The highly controversial law passed by the Knesset last monthmandates the death penalty as the default sentence for West Bank Palestinians convicted of carrying out deadly terror attacks in the West Bank.
The law amounts to a grave erosion of human rights, the UN Committee on the Elimination of Racial Discrimination says in a statement.
“The new law is a severe blow to human rights, rolling back Israel’s long-standing de facto moratorium on executions since 1962 and expanding the use of the death penalty,” the committee says.
The law is “de facto applicable to Palestinians only” and sets a 90-day deadline for executions once a final judgement is rendered, the committee claims.

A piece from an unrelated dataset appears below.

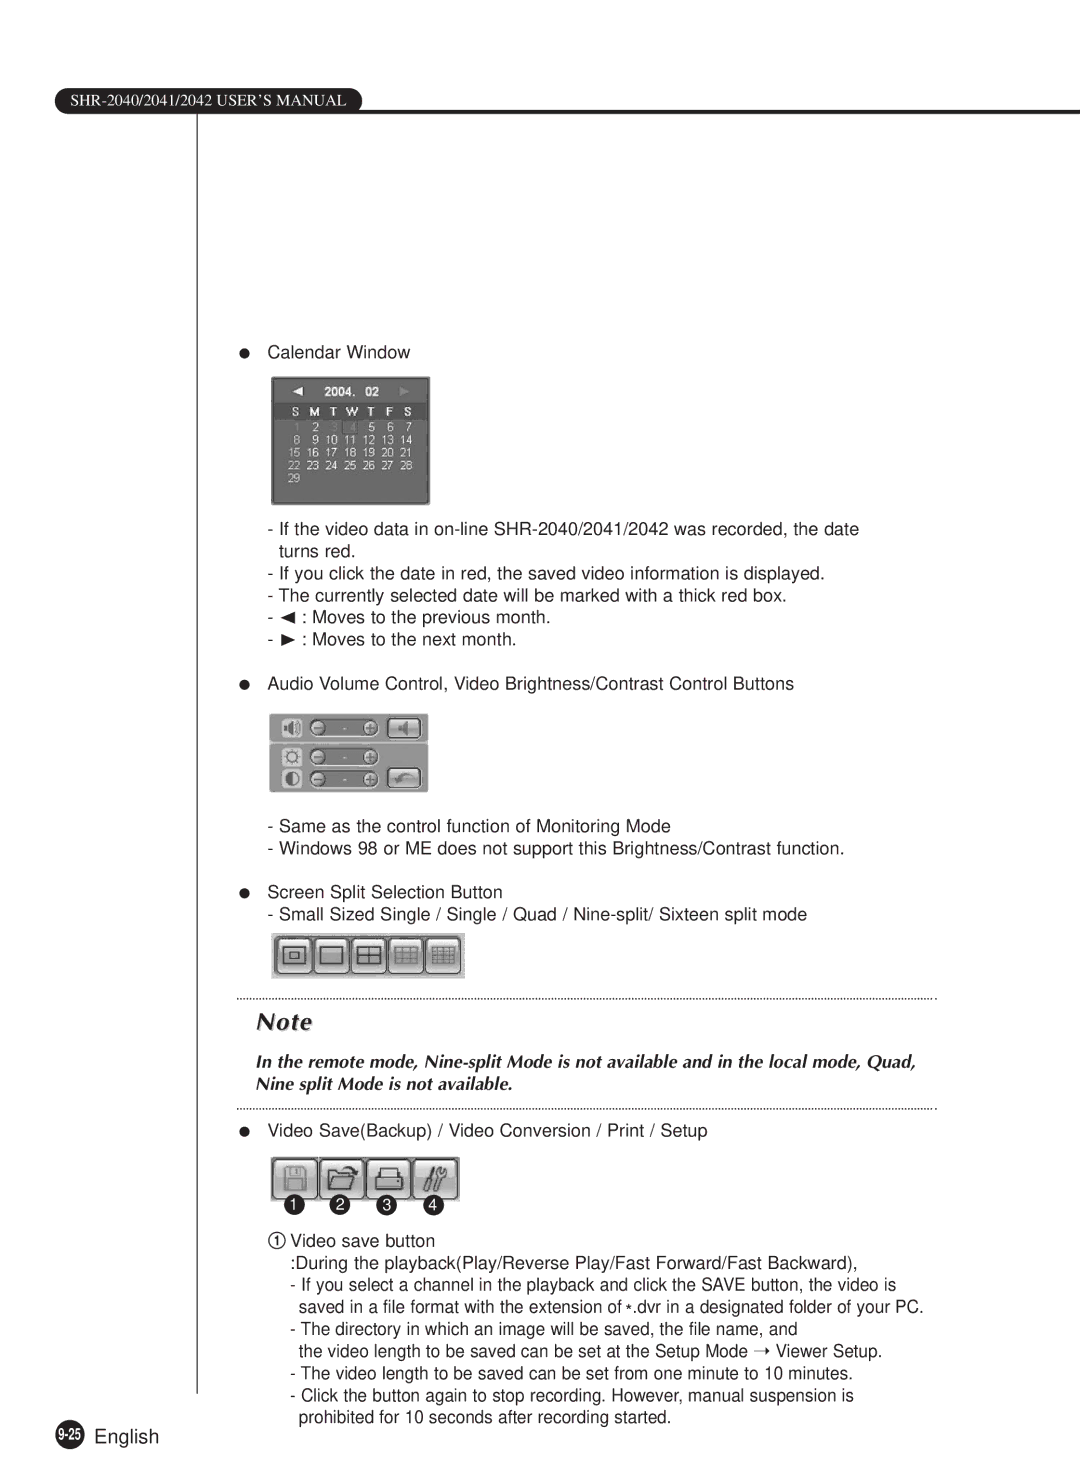 Samsung SHR-2040N, SHR-2040P manual 25English

Furthermore, it says Israel should ensure that all Palestinian detainees “are guaranteed their rights to equal treatment before the law, security of person, protection against violence or bodily harm, and access to justice.”
The committee also calls on Israel to “end all policies and practices that amount to racial discrimination against and segregation of Palestinians.”

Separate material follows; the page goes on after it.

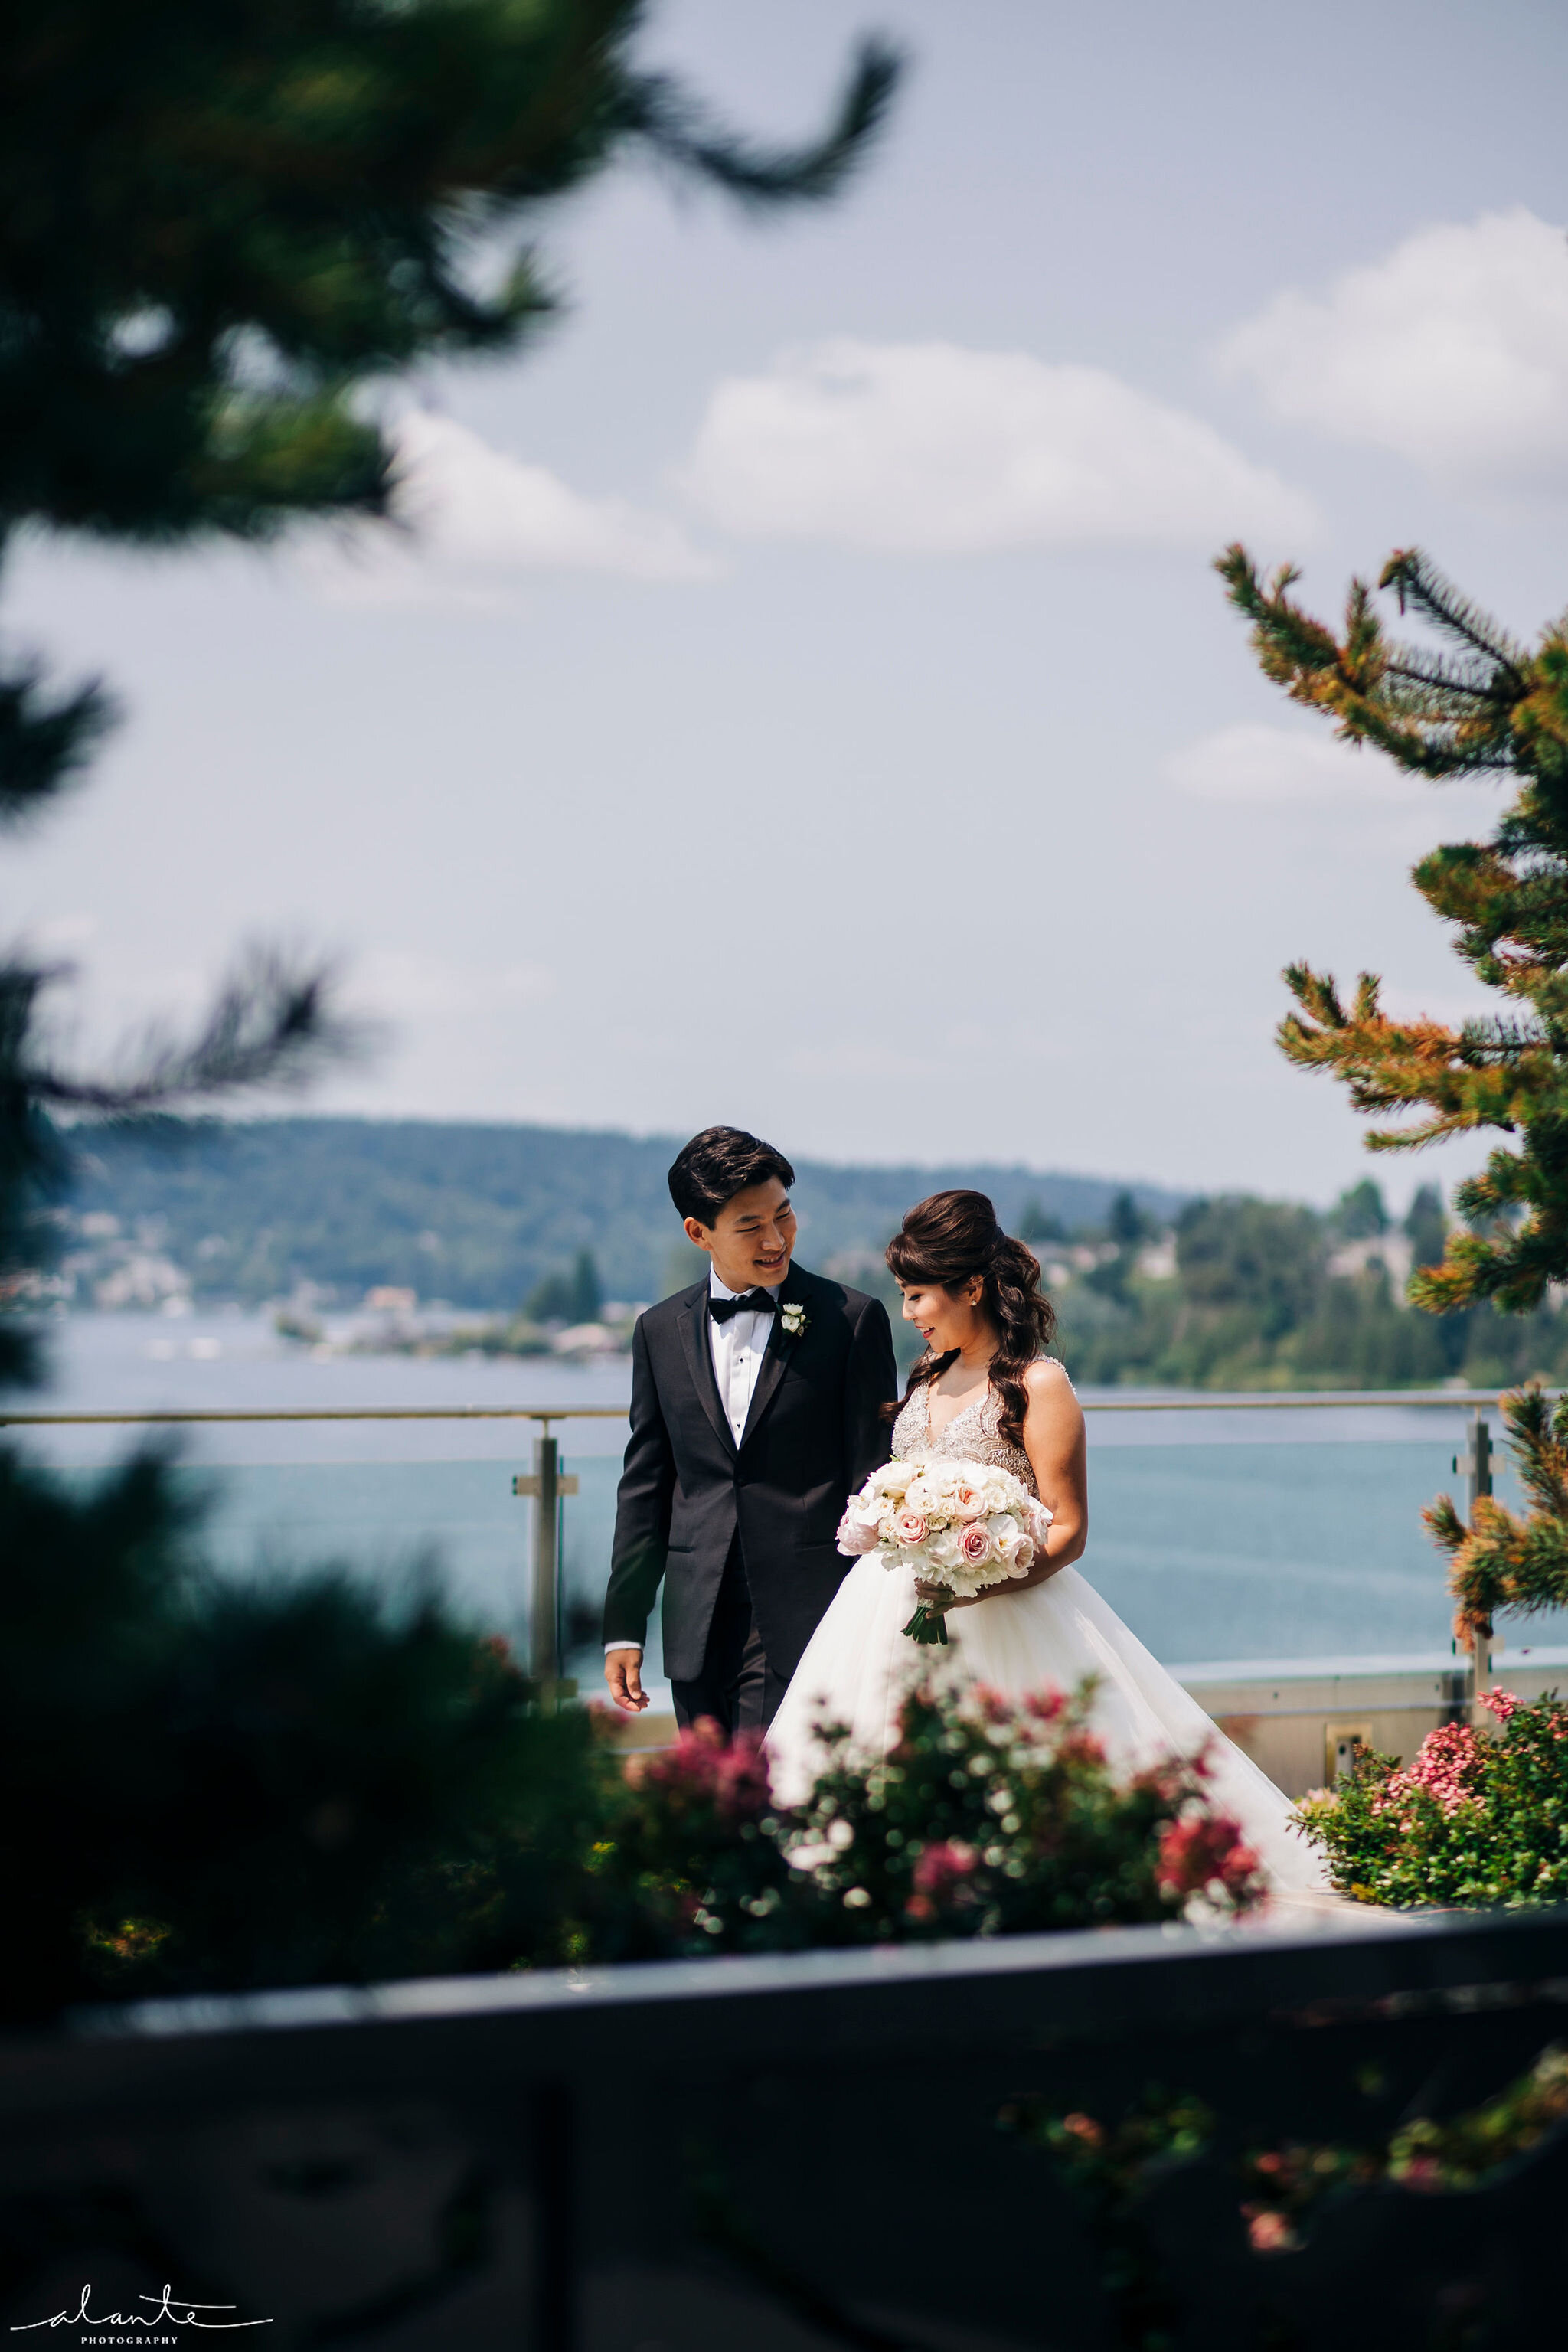 Alante-Photography-Seattle-Washington-Wedding-Hyatt-Regency-Lake-Washington-024.jpg

It asserts other countries should “ensure that their resources are not used to enforce or support discriminatory policies and practices against Palestinians living in the Occupied Palestinian Territory.”
The committee of 18 independent experts monitors adherence to the Convention on the Elimination of All Forms of Racial Discrimination by its 182 state parties.
Under the convention, which came into force in 1969, countries must eliminate racial discrimination, eradicate practices of segregation and guarantee equality before the law without distinction as to race, color, descent or national or ethnic origin.
Israel ratified the convention in 1979.
Israel’s legal code already contains the death penalty, although it is so rarely invoked that it has only ever been implemented a single time, against Nazi war criminal Adolf Eichmann (Meir Tobianski was executed as a traitor after a drumhead court martial in 1948, and exonerated a year later).
In contrast, the new measure ensures the regular exercise of capital punishment,
stripping judges of broad discretion in sentencing,
neutering the appeals process and removing several procedural safeguards.
Israeli legal scholars have said the law, promoted by far-right National Security Minister Itamar Ben Gvir’s Otzma Yehudit party, contains serious constitutional defects, including violating the right to life, and is discriminatory in that it applies almost exclusively to Palestinians. In addition, experts argue, there is no proof that it would achieve its stated goal of deterring terrorism.
While the law is being challenged in the High Court, legal experts say it is far from certain that the bench will strike it down in its entirety.’